Matching DataFrame Pair

After selecting one of the 5 matching methods, the user can initiate the pairwise matching process in the following way:

matches = valentine_match(df1, df2, matcher, df1_name, df2_name)

where df1 and df2 are the two pandas DataFrames for which we want to find matches and matcher is one of Coma, Cupid, DistributionBased, JaccardLevenMatcher or SimilarityFlooding. The user can also input a name for each DataFrame (defaults are "table_1" and "table_2"). Function valentine_match returns a MatcherResults object, which is a dictionary with additional convenience methods, such as one_to_one, take_top_percent, get_metrics and more. It stores as keys column pairs from the two DataFrames and as values the corresponding similarity scores.

Matching DataFrame Batch

After selecting one of the 5 matching methods, the user can initiate the batch matching process in the following way:

matches = valentine_match_batch(df_iter_1, df_iter_2, matcher, df_iter_1_names, df_iter_2_names)

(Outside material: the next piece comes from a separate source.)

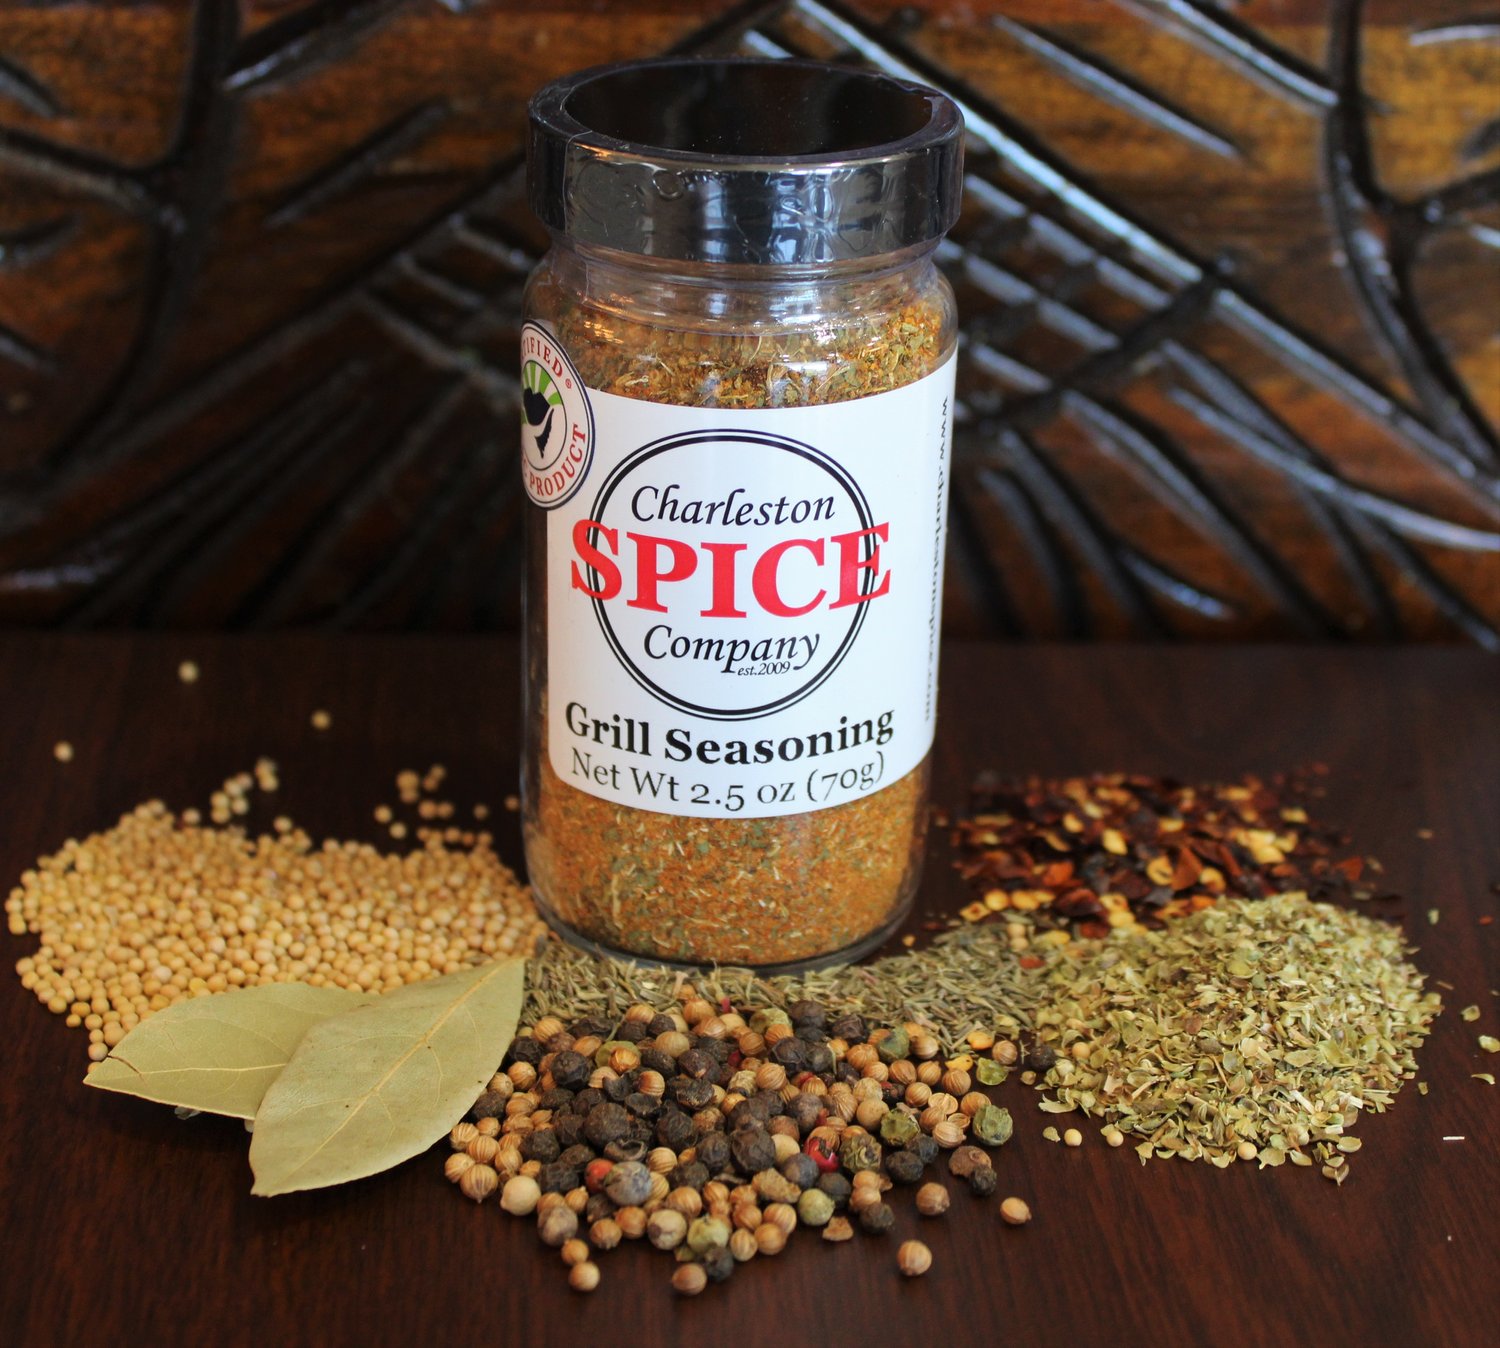 Organic Spices by Charleston Spice Company
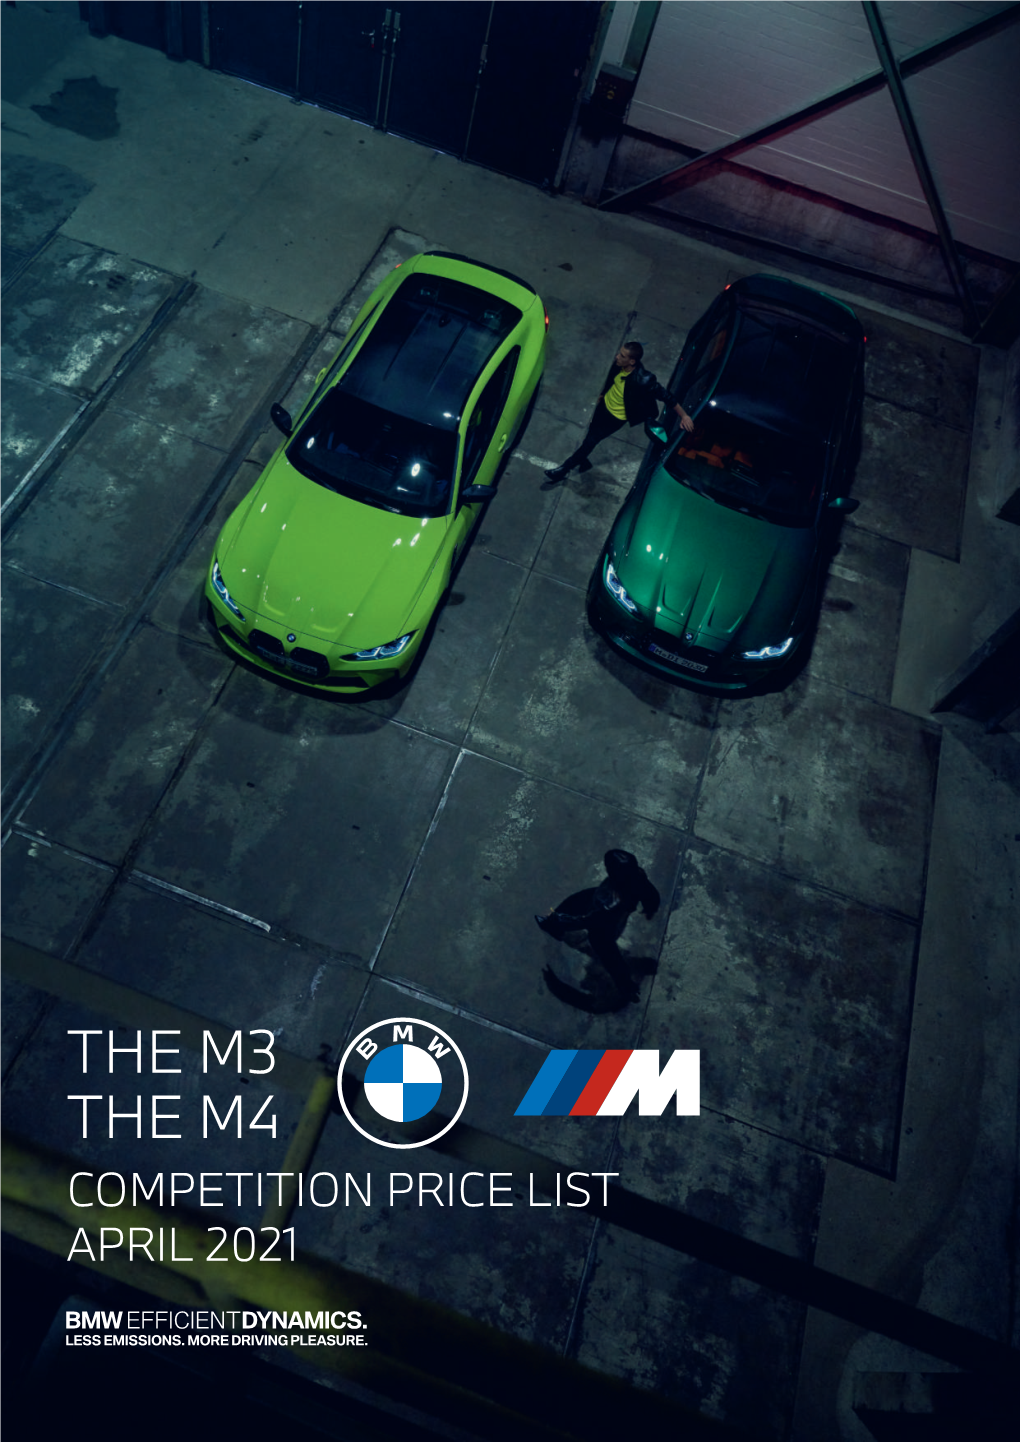 The M3 the M4 Competition Price List April 2021 the All-New M3 and M4

where df_iter_1 and df_iter_2 are the two iterable structures containing pandas DataFrames for which we want to find matches and matcher is one of Coma, Cupid, DistributionBased, JaccardLevenMatcher or SimilarityFlooding. The user can also input an iterable with names for each DataFrame. Function valentine_match_batch returns a MatcherResults object, which is a dictionary with additional convenience methods, such as one_to_one, take_top_percent, get_metrics and more. It stores as keys column pairs from the two DataFrames and as values the corresponding similarity scores.

MatcherResults instance

The MatcherResults instance has some convenience methods that the user can use to either obtain a subset of the data or to transform the data. This instance is a dictionary and is sorted upon instantiation, from high similarity to low similarity.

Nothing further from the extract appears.